Anda di halaman 1dari 2

Tujuan utama dari pelaksanaan arbitrase adalah terwujudnya

perdamaian di antara pihakpihak yang bersengketa. Perdamaian adalah

suatu akad atau persetujuan dari kedua belah pihak untuk mengakhiri

sengketa dengan jalan yang tidak bertentangan dengan ajaran Islam. Akad

perdamaian adalah suatu janji yang harus ditepati, apalagi perdamaian yang dilakukan itu merupakan
putusan hakam. Permasalahannya adalah

sejauhmana kekuatan putusan yang ditetapkan oleh hakam?
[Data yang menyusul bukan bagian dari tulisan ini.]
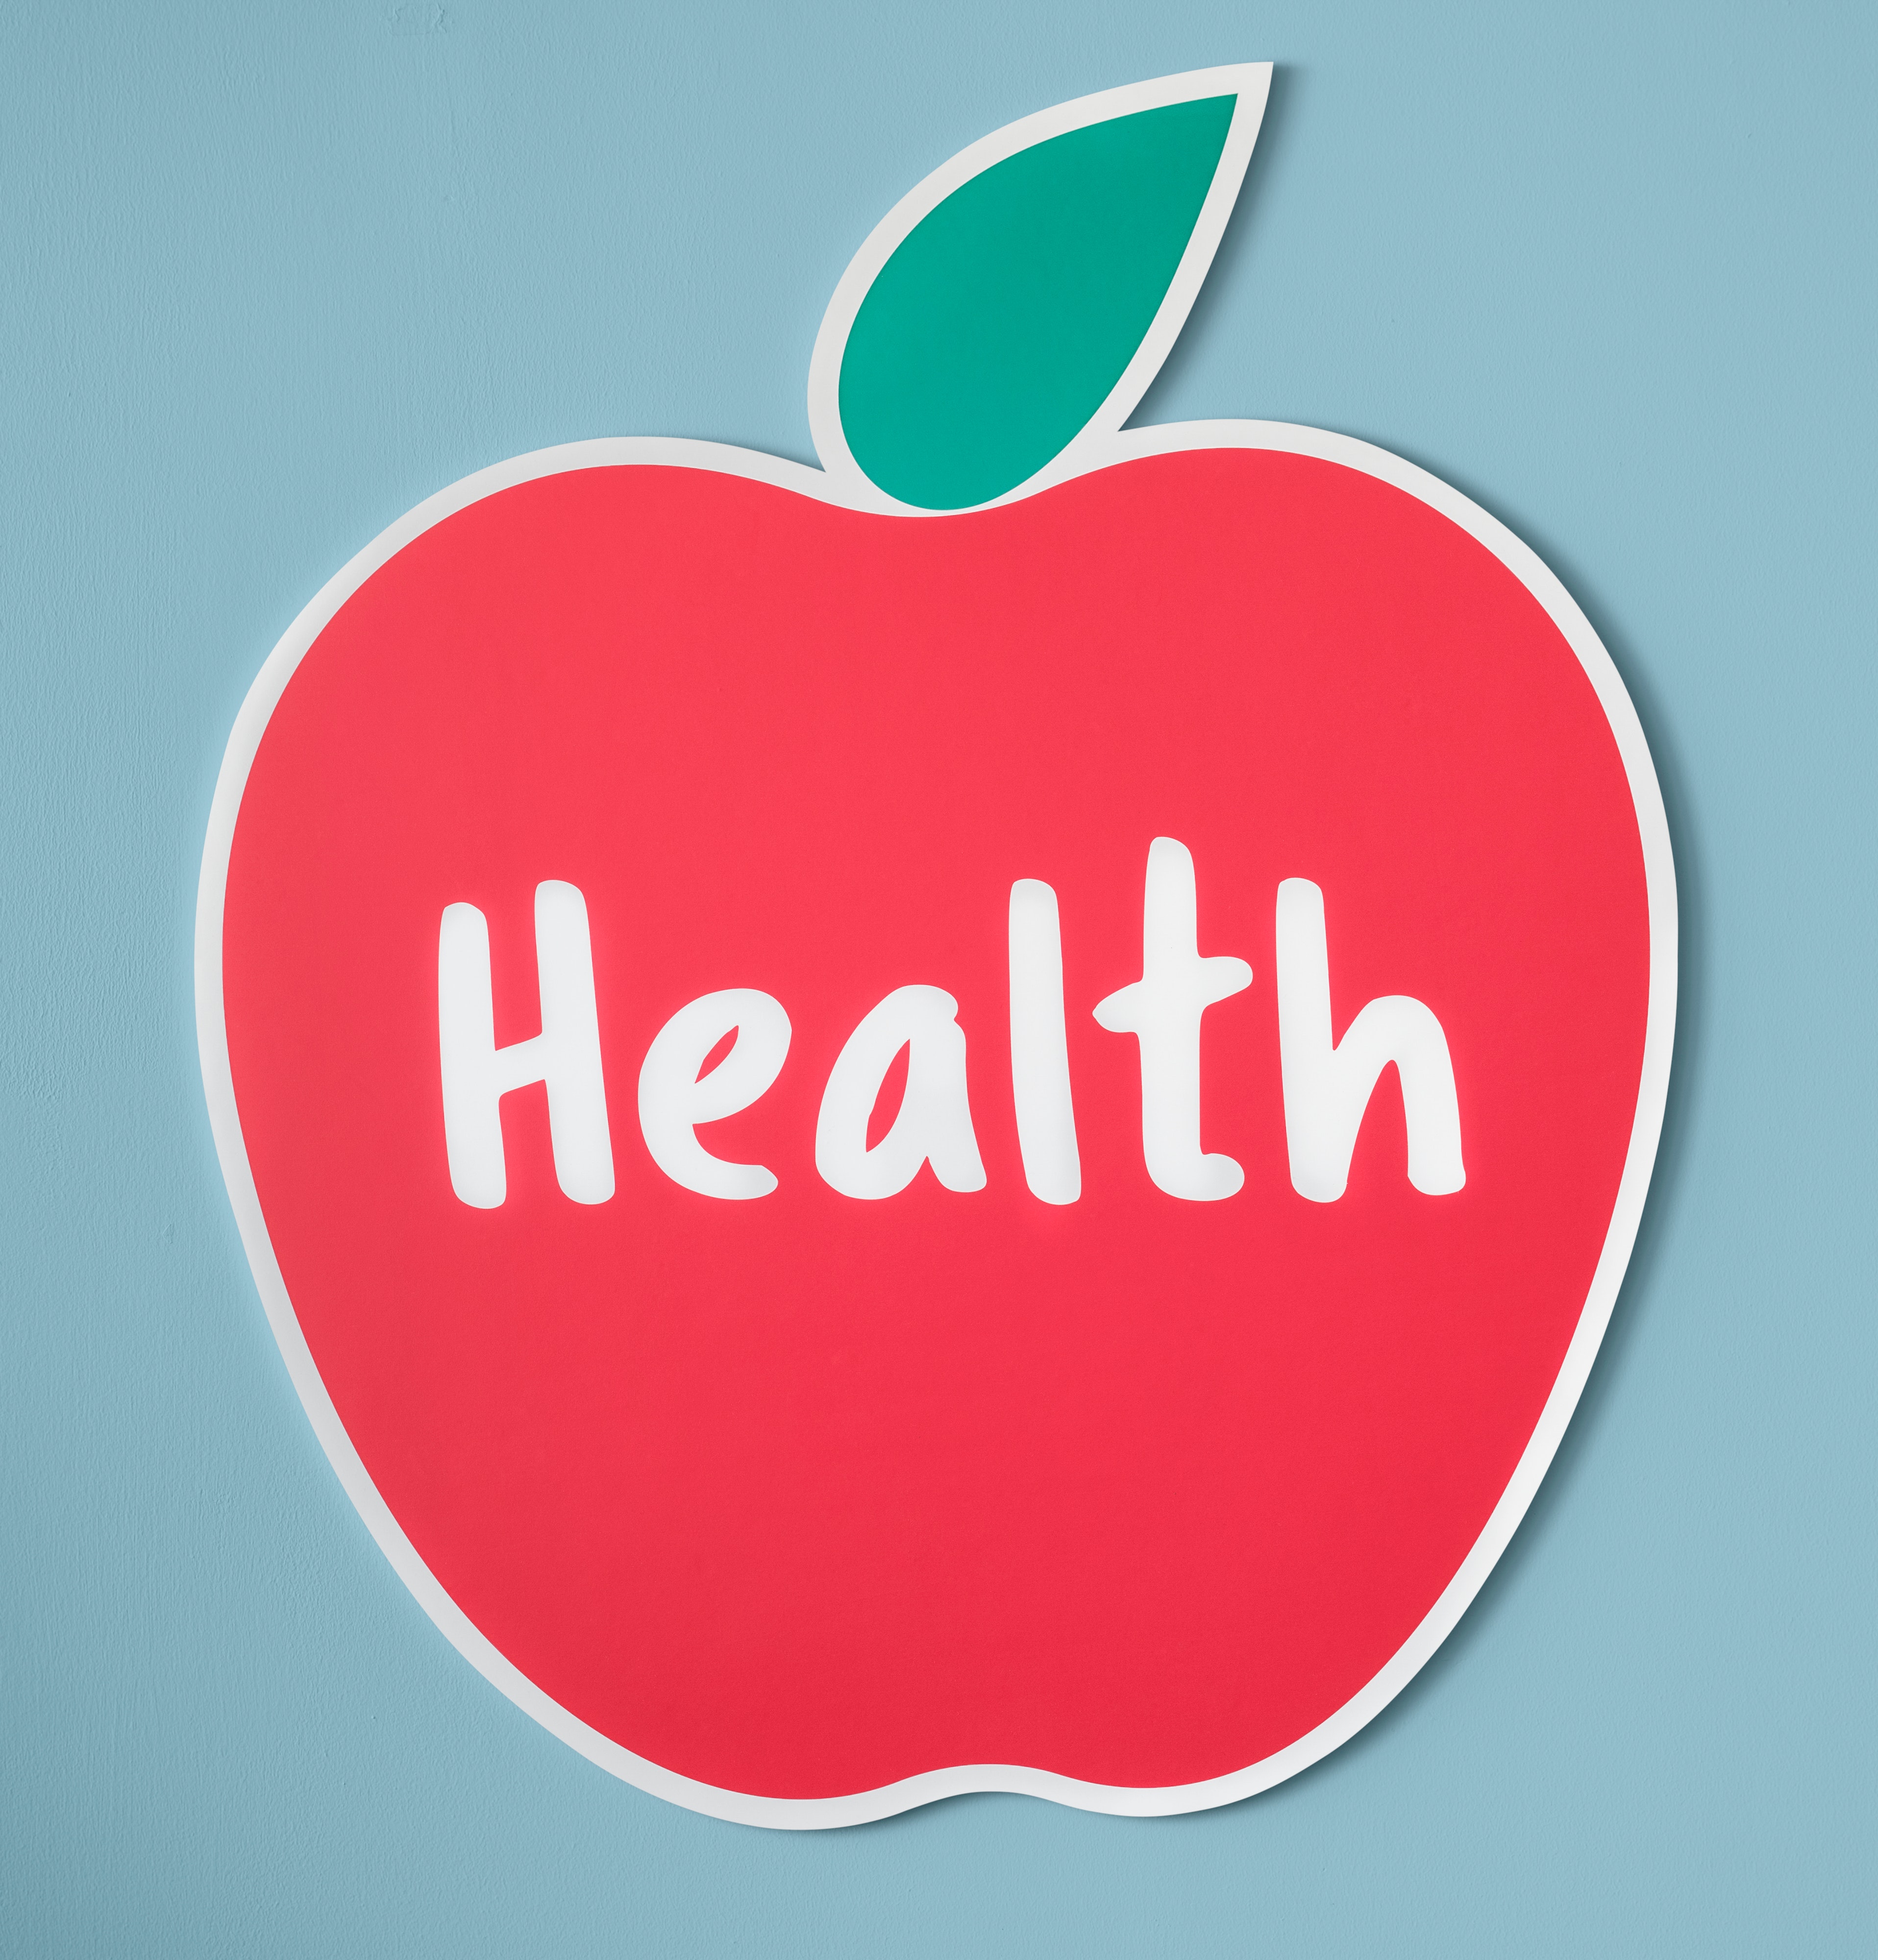 Health coaching is effectiveShould you try it? - Harvard Health

Dalam hal ini, para ahli fiqh berbeda pendapat, ahli fiqh dari kalangan

mazhab Abu Hanifah, Ibnu Hanbal dan Imam Maliki berpendapat bahwa

keputusan hakam bersifat mengikat, sebab kedua belah pihak yang

bersengketa telah bersepakat menunjuk hakam untuk menyelesaikan

dengan sengketanya.13 Argumentasi mereka adalah hadits Rasulullah

SAW yang menjelaskan bahwa apabila suatu sengketa telah diputuskan

oleh seseorang yang telah ditunjuk kemudian mereka tidak mau tunduk

dengan keputusan tersebut, mereka akan mendapat murka Allah SWT.1

Pendapat yang dipegang oleh AlMusanny dari kalangan pengikut

mazhab Syafi’i berbeda pendapat dengan pendapat di atas. Nama keluarga

mengatakan keputusan hakim berarti tidak

berpartisipasi kecuali secara tegas disetujui oleh kedua belah pihak

dalam sengketa. Menurut mereka, kesepakatan kedua belah pihak

Menantang pencalonan seseorang sebagai hakam berarti menerima

keputusan yang dia buat. Oleh karena itu, keputusan hakim adalah

diperlukan, persetujuan kedua belah pihak diperlukan.15

Menanggapi dua komentar di atas, menurut penulis,

situasi dan kondisi di mana hakim berada


menerima mandat melalui organisasi resmi (panitia arbitrase), kemudian masing-masing

, keputusan itu mengikat para pihak yang bersengketa.